# [Task to complete]
Give a verbatim copy of the lines below, minus the pictures.

# [Data provided]
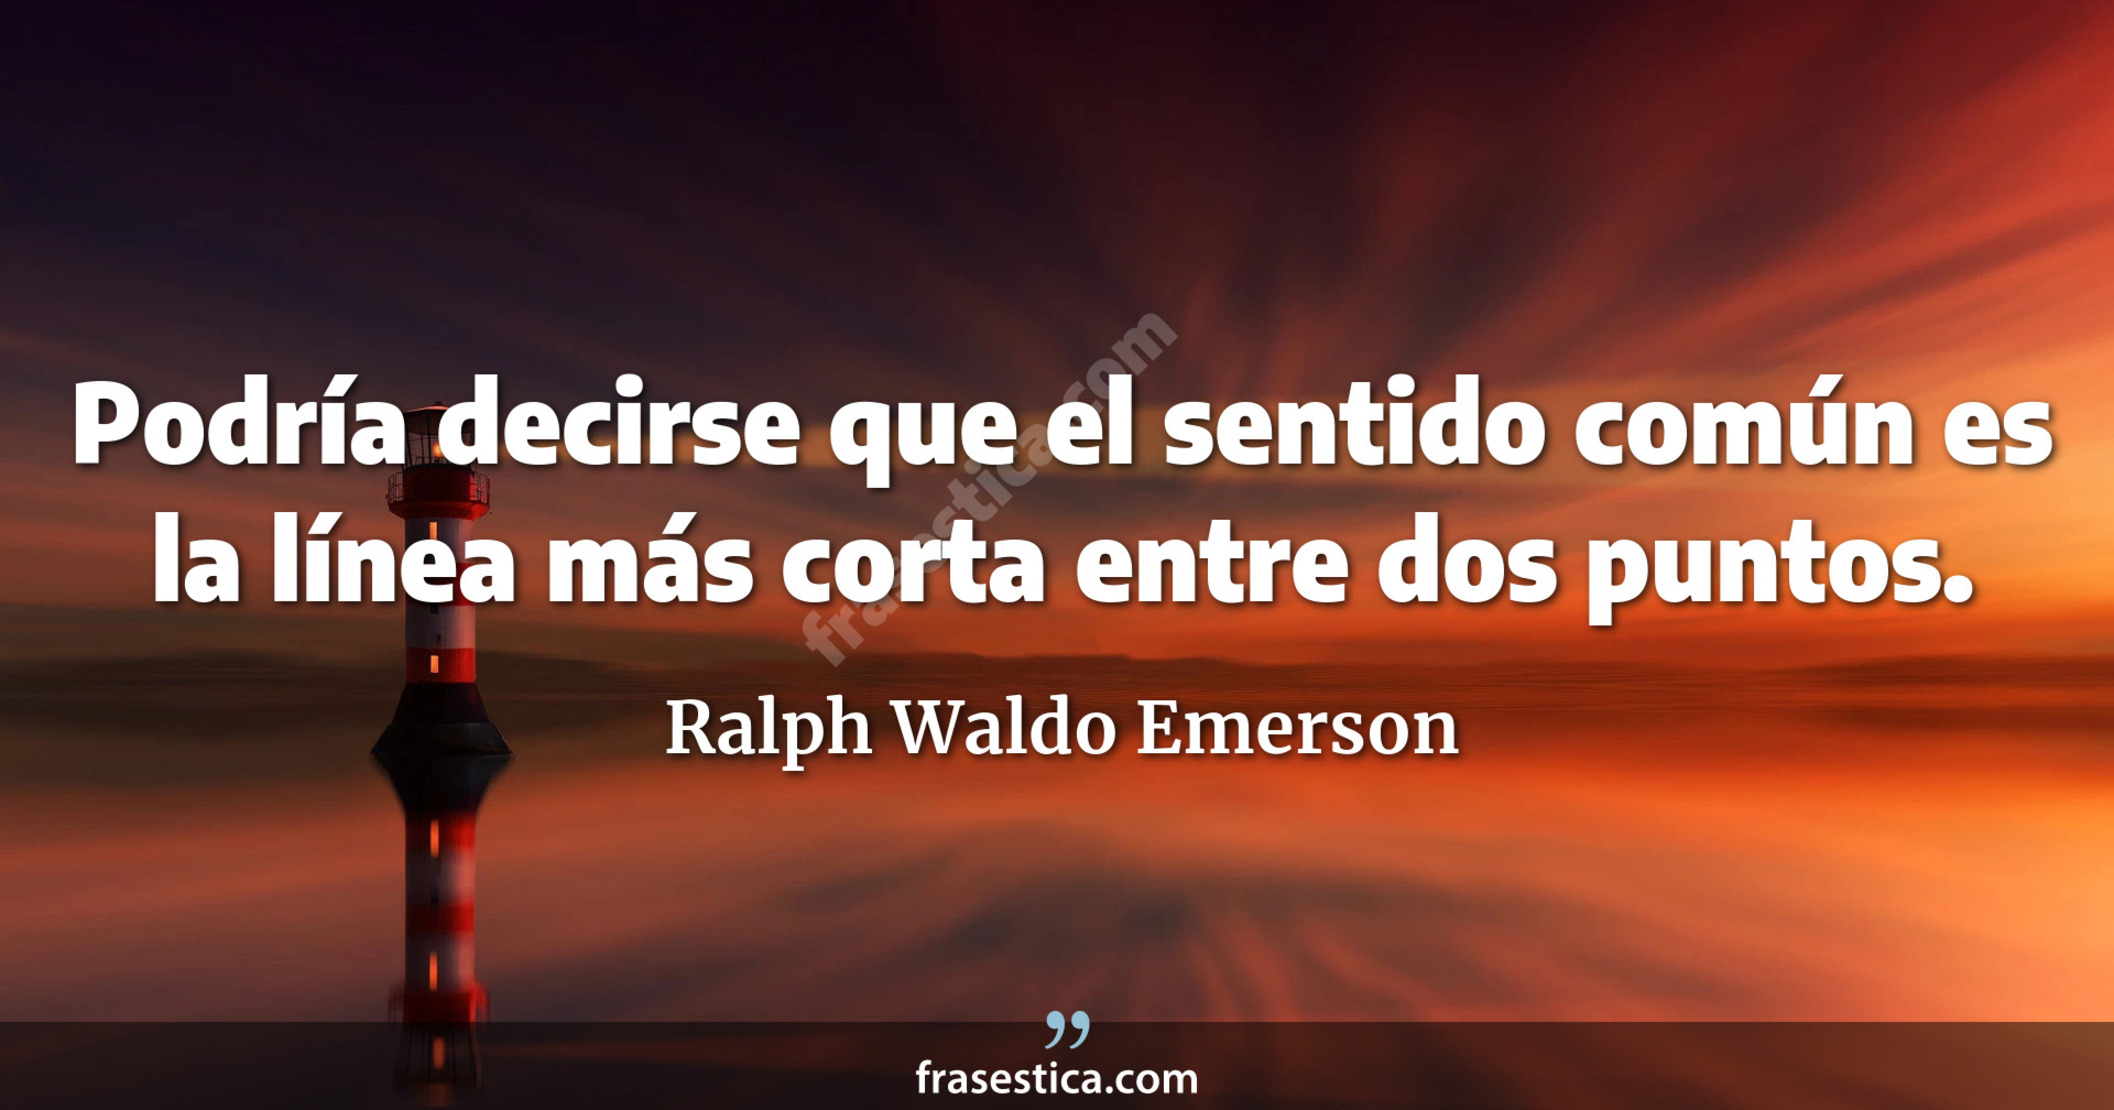 Podría decirse que el sentido común es la línea más corta entre dos puntos. - Ralph Waldo Emerson
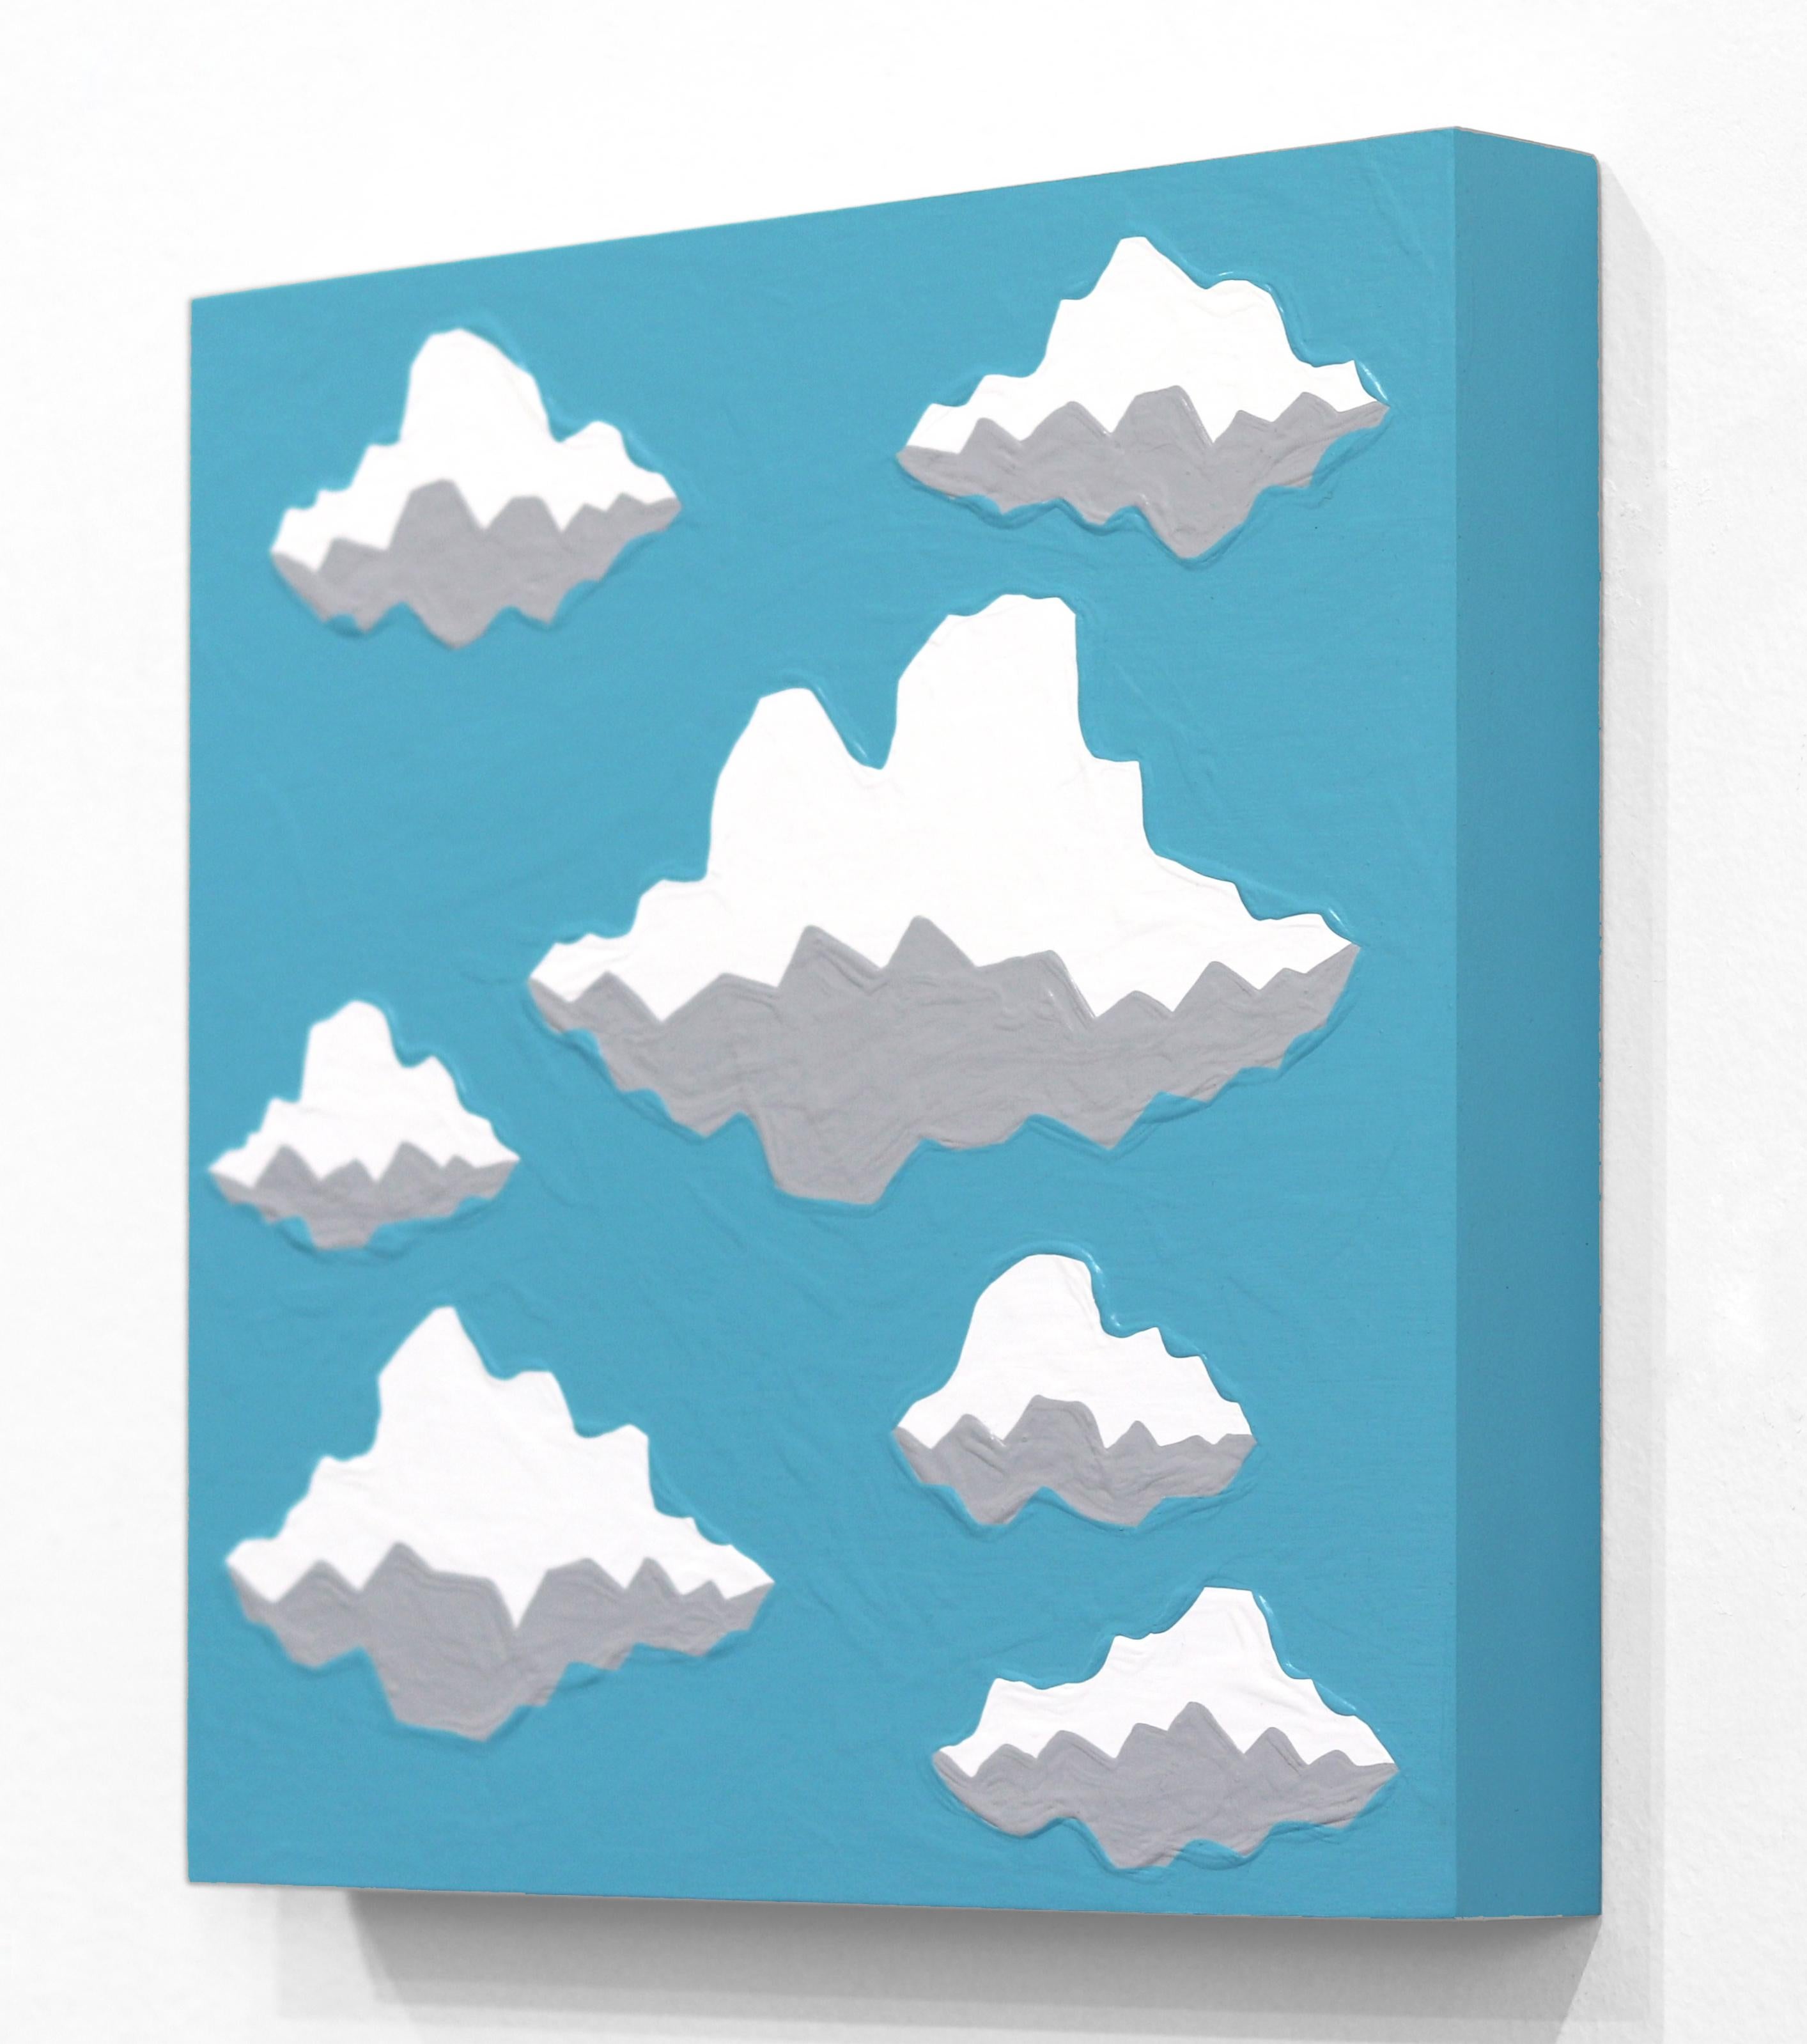 Cloud Over - Vibrant Blue Southwest Skyscape Landscape Pop Art Original Painting For Sale 2
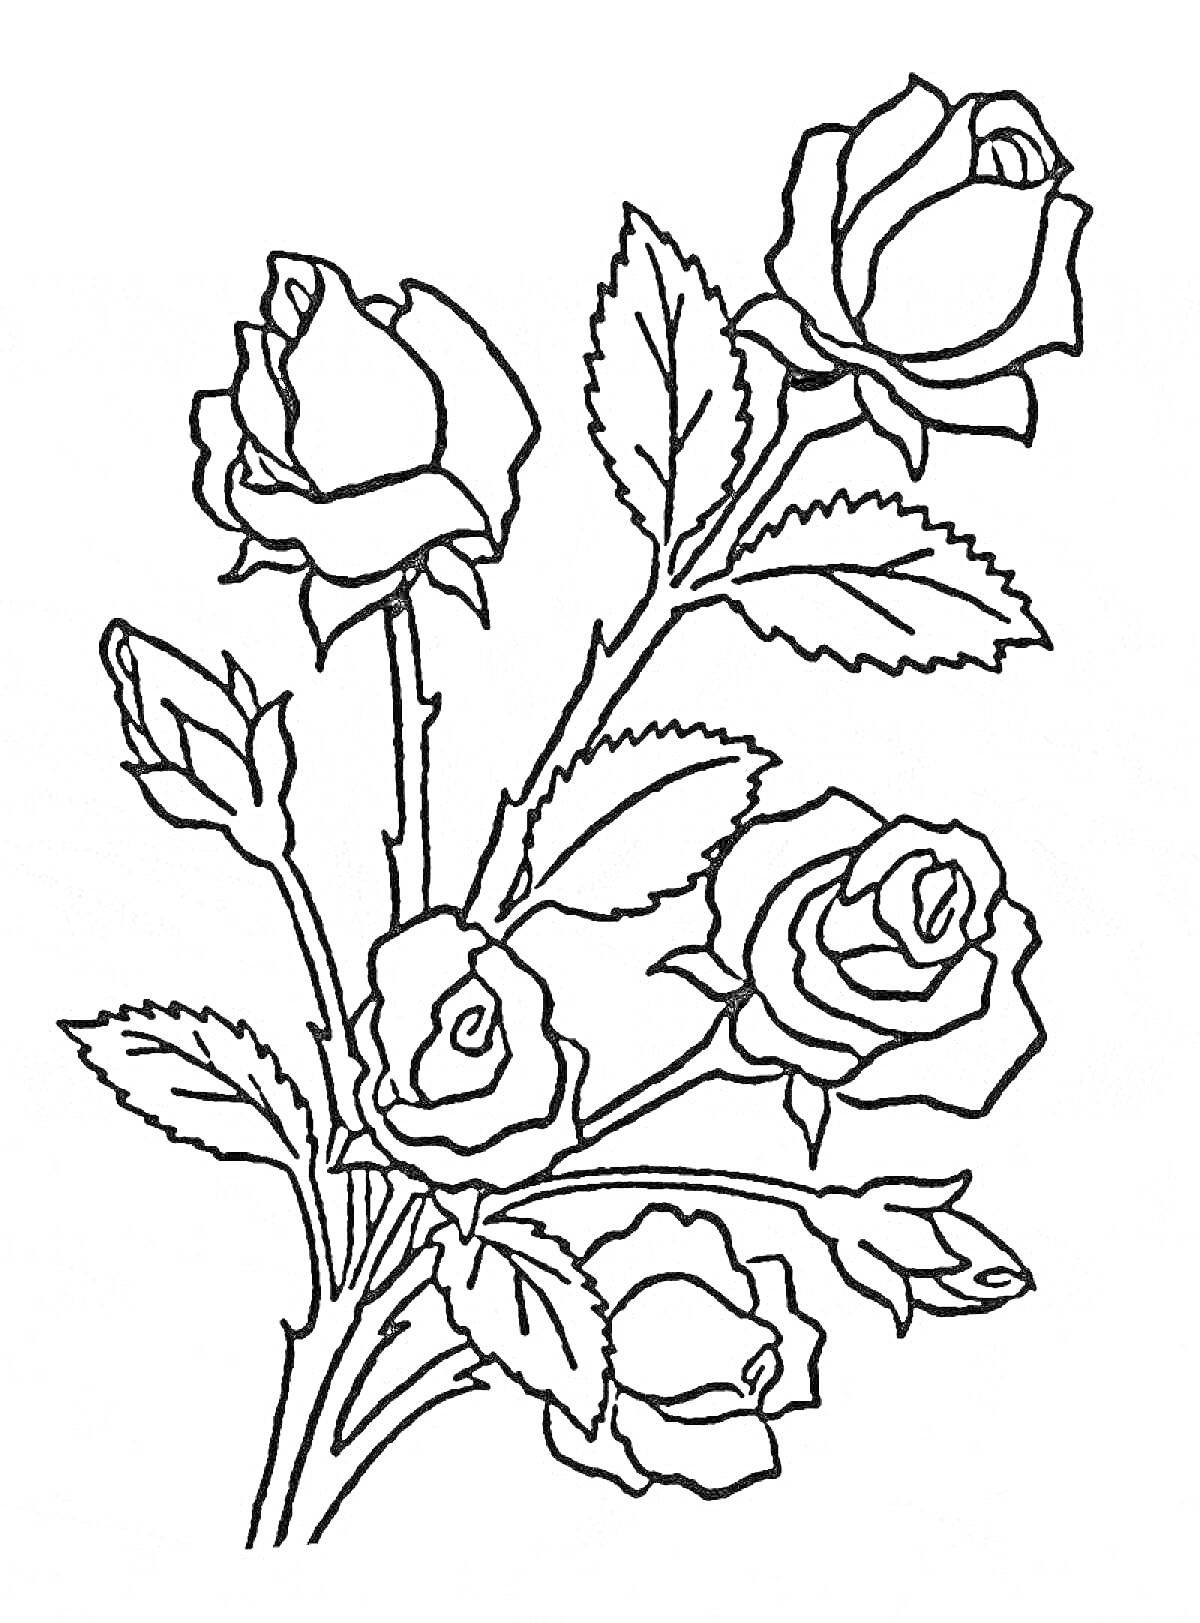 Раскраска Букет роз на ветке с листьями, состоящий из пяти розовых соцветий

# [Result]
 Podría decirse que el sentido común es la línea más corta entre dos puntos. - Ralph Waldo Emerson
 Cloud Over - Vibrant Blue Southwest Skyscape Landscape Pop Art Original Painting For Sale 2
 Раскраска Букет роз на ветке с листьями, состоящий из пяти розовых соцветий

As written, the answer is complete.